2http://www.e-junkie.com/ej/developer-directory.htm2

so there is absolutely no way of tracking sales by source with E-junkie, even when using 3rd party software, because any URL code will never reach the Thank You page?





therefore there is no practical use for the SubIDs as the only thing that they can track is incoming traffic to the website?

If each affiliate has a variety of subIDs you need to track (e.g., to identify various sites/campaigns where they've posted their affiliate link), they could add a custom parameter to each of their link URLs as explained previously, which would then be passed thru to your landing page URL.



Then custom scripting in your page could look for the value of that parameter in its URL and dynamically append that value to a &custom= parameter on all of your cart button URLs in your page -- e.g., https://www.e-junkie.com/ecom/gb.php?c=cart&i=XXXXXX&cl=173371&ejc=2&custom=SubIDGoesHere -- so clicking any cart button would pass that value to the cart as a custom parameter for the order.



If you need that custom value to be carried from page to page on your site, so all of your cart button URLs site-wide could have the &custom= value appended, your scripting might set a cookie for the custom value, and then it would read that cookie to get the value to append to the &custom= parameter in your site's cart button URLs.



BTW note that, although this custom value is passed to the cart by clicking an Add to Cart button, the custom value itself is only associated with the whole order, rather than any particular item in the order, so there could be only one custom value per order no matter how many items are ordered. Appending it to every cart button's URL just ensures that the custom value will be passed to the cart no matter which button(s) the buyer clicks.



That custom value would appear in your Transaction Log and can also be inserted in your thank-you pages using the [%custom%] template variable in your Common Thank-you Page HTML field, which would insert the order's custom value when the page is generated. This could even be used to insert that custom value within tracking code in your thank-you page, as the substitution is performed before the page is sent to the buyer's browser.

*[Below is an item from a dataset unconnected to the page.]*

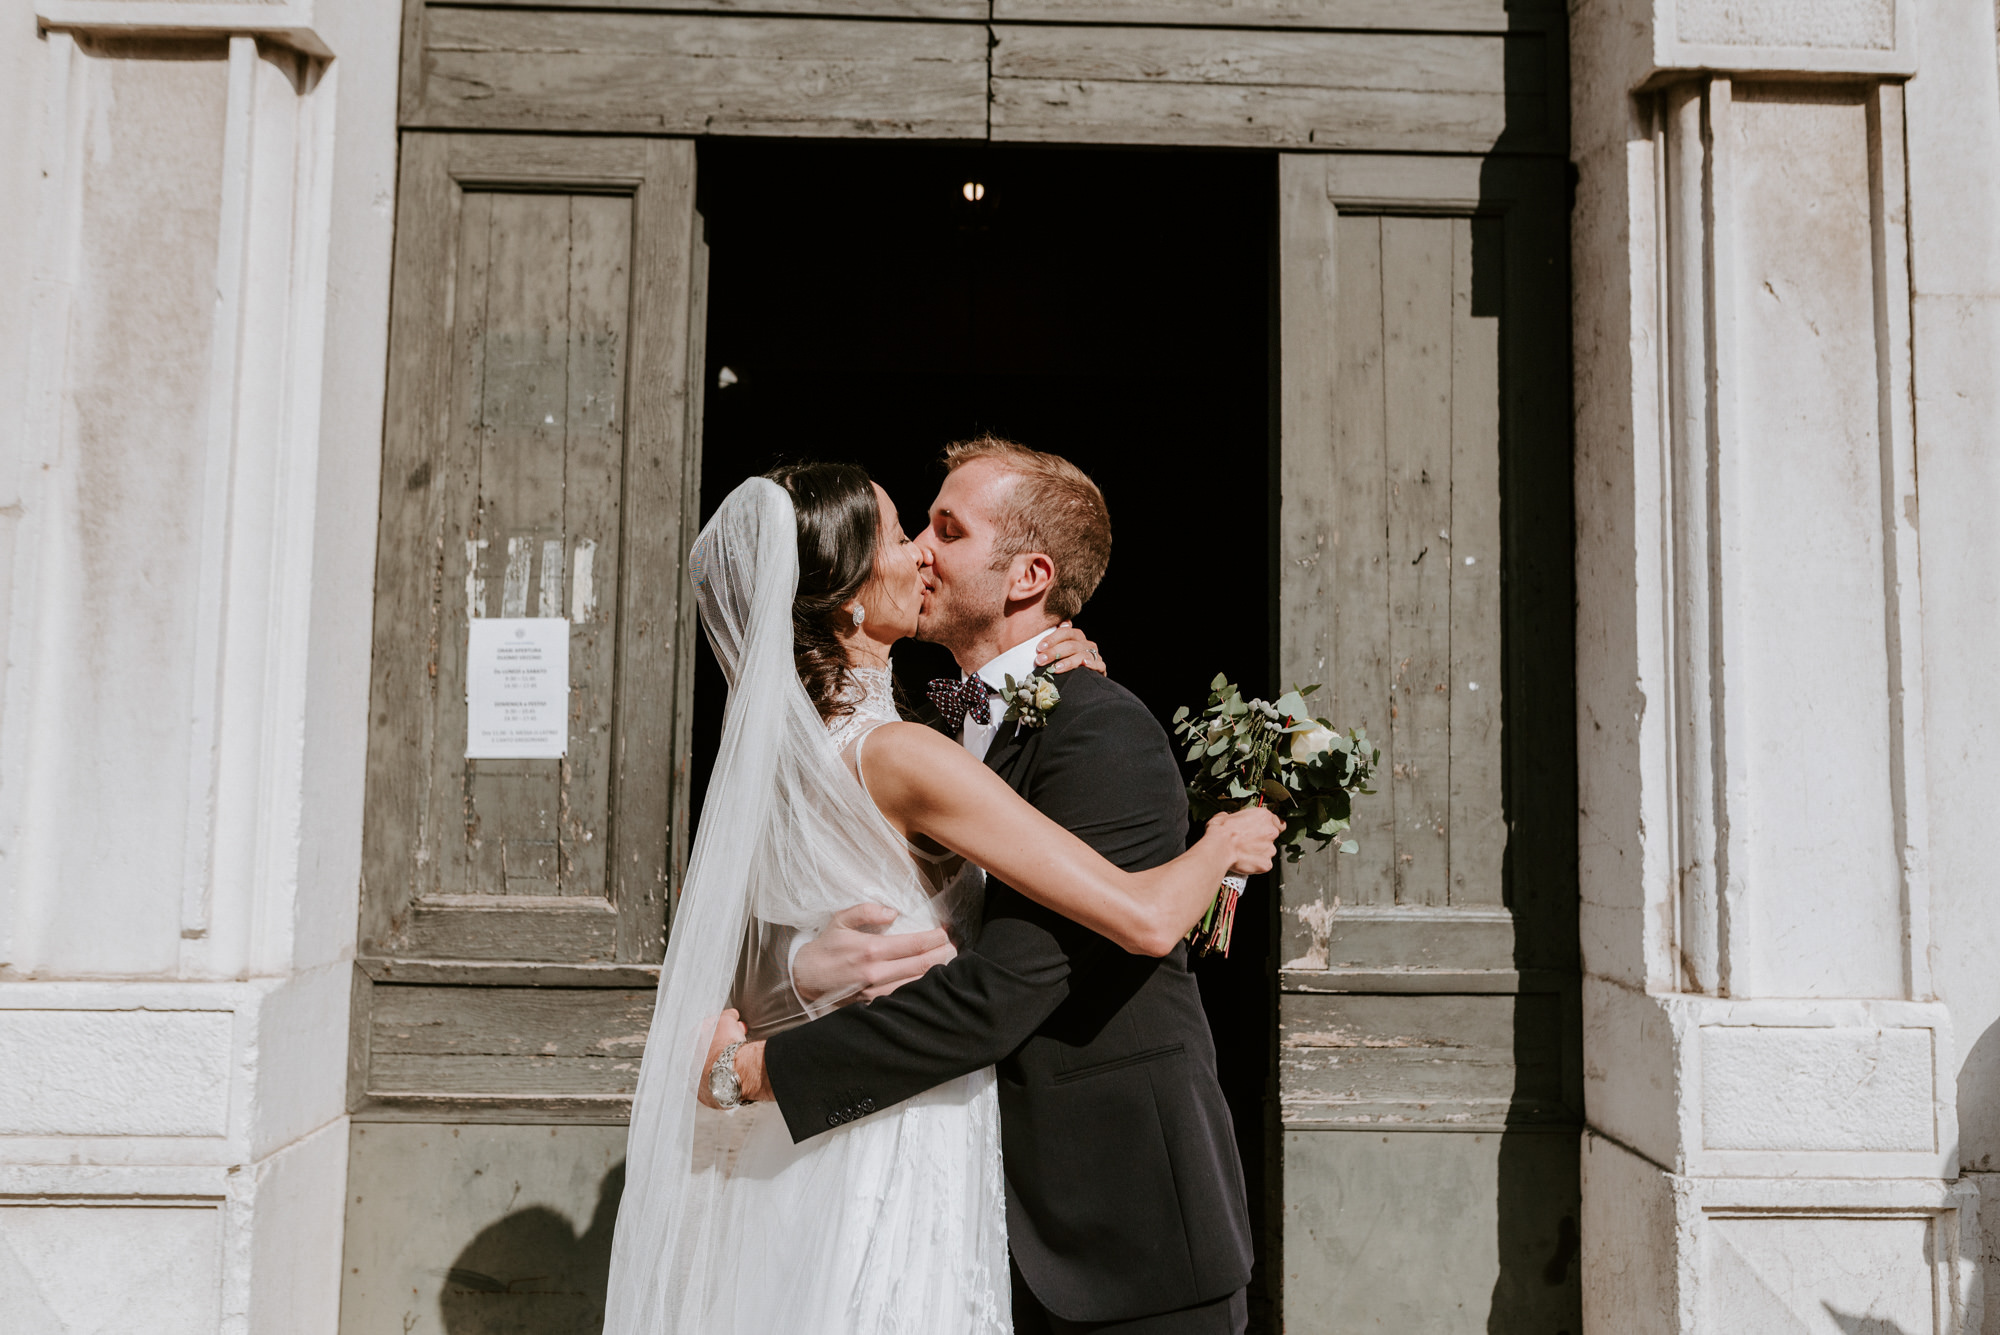 FOTO+PHOTO+BODA+WEDDING+ITALIA+ITALY+MAURICIO+GARAY+MAURICIOGARAY+WEDDINPHOTOGRAPHER+FOTOGRAFODEBODA-1069.jpg
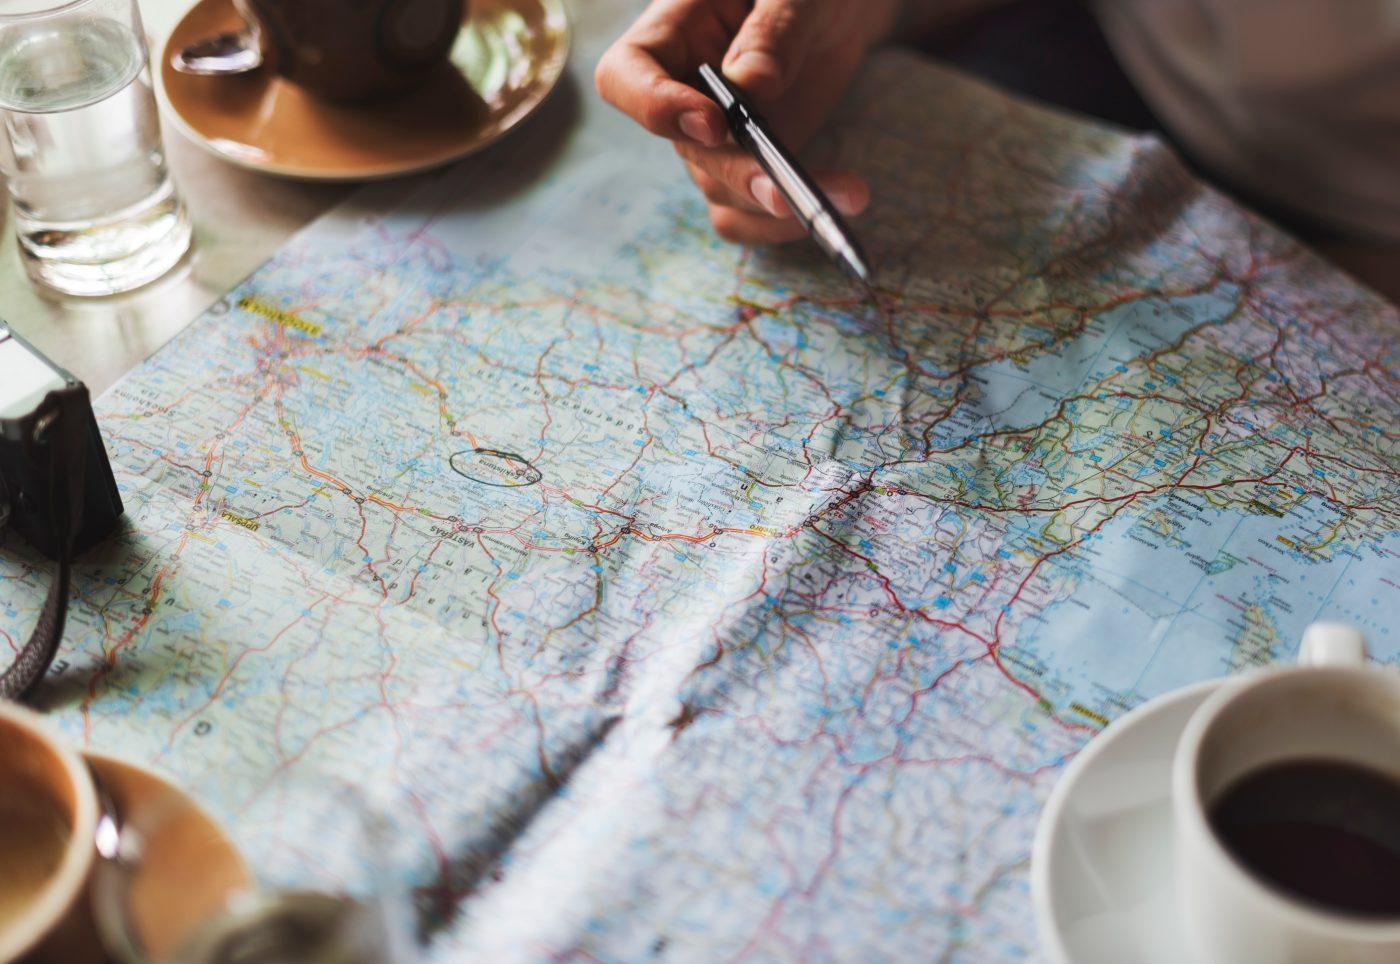 Minimalism: Adventure

If you have set up our Integration feature to POST order data back to a script URL at your end after checkout, the custom value would be included in those submissions as well.



The custom scripting in your site that I described above is something that would need to be programmed from scratch by an experienced Web developer, who would fully understand everything I've described here and recognize exactly how to implement it. This is not something that can be accomplished with settings in WordPress nor any ready-made WP plugin. Please contact developers in the directory I linked previously for help setting this up.

BTW, I'm still not clear about what overall objective you're trying to accomplish, but if you're using E-junkie's built-in affiliate system and merely want to identify the referring E-junkie affiliate in your thank-you pages or inside tracking code placed in those pages, that can be done without any of the above by simply adding the template code [%affiliate%] to your Common Thank-you Page HTML, which gets substituted with the affiliate's email address when the page is generated.